Another brilliant showing from goaltender Andrei Vasilevskiy bought Tampa Bay enough space to scratch out a 3-1 victory over the Montreal Canadiens at Amalie Arena and take a 2-0 series lead. 

While the Canadiens dominated the flow of play and were the more aggressive team throughout, putting 43 shots on goal to Tampa Bay's 23, the Lightning had the decisive advantage. 

“Thankfully, there was one guy that had his level where it needed to be," Lightning veteran Ryan McDonagh said of Vasilevskiy.

Tampa Bay's netminder was beaten only on Nick Suzuki's power-play goal midway through the second period.

He has stopped 60 of Montreal's 62 shots through the first two games and has defeated the Canadiens 10 straight times, but said he found success by keeping his mind clear. 

"I'm trying not to think much during the games," Vasilevskiy said. "Whatever happens, win or lose, I'm just trying to go out there and play my best game, and now we’re up two games.

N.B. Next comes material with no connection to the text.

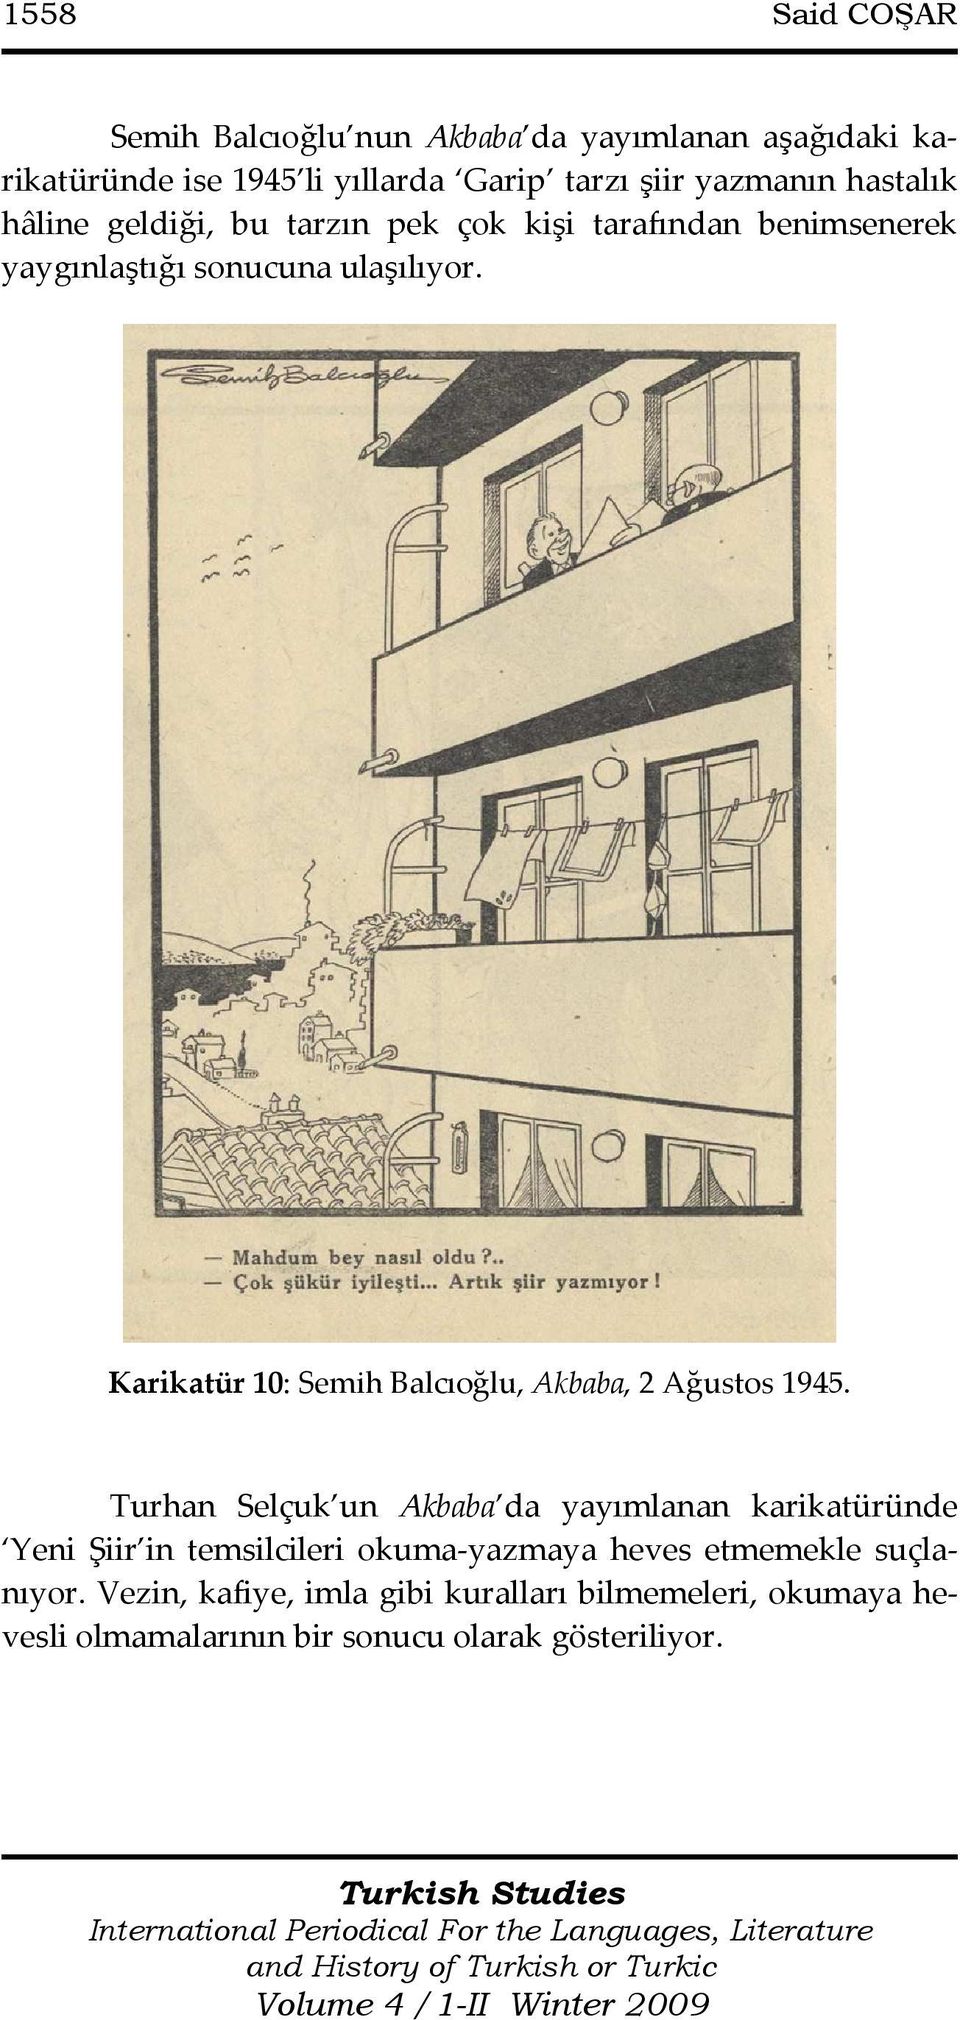 Karikatür 10: Semih Balcıoğlu, Akbaba, 2 Ağustos 1945.

"It doesn’t matter -- up two games, down two games, it’s the same routine, same compete level.”

The 26-year-old Russian has been so good that it was jarring to see Suzuki's shot scoot past him and level the score after Anthony Cirelli had given Tampa Bay a 1-0 lead four minutes earlier. 

The moment that turned the game the Lightning's way, though, came in the closing seconds of that second period, when Barclay Goodrow stole the puck at center ice and delivered it to Blake Coleman, who managed to get a shot off with one arm while diving through the air. 

It got past Carey Price with 1.1 seconds remaining to send the Tampa crowd into a frenzy and give the Lightning a lead they would not relinquish. 

"It's definitely something you don't want to do, give up goals in the first or last minute of periods," said Canadiens captain Shea Weber. 

Despite that frustrating setback, Weber and his team will return to Montreal for Friday's Game 3 knowing they played better overall than in their 5-1 defeat to open the series. 

"I thought we played a pretty solid game all around, to be honest," Weber said. 

"We did make a couple mistakes that obviously hurt us. They're an opportunistic team that make you pay, but we probably deserved a little bit better tonight."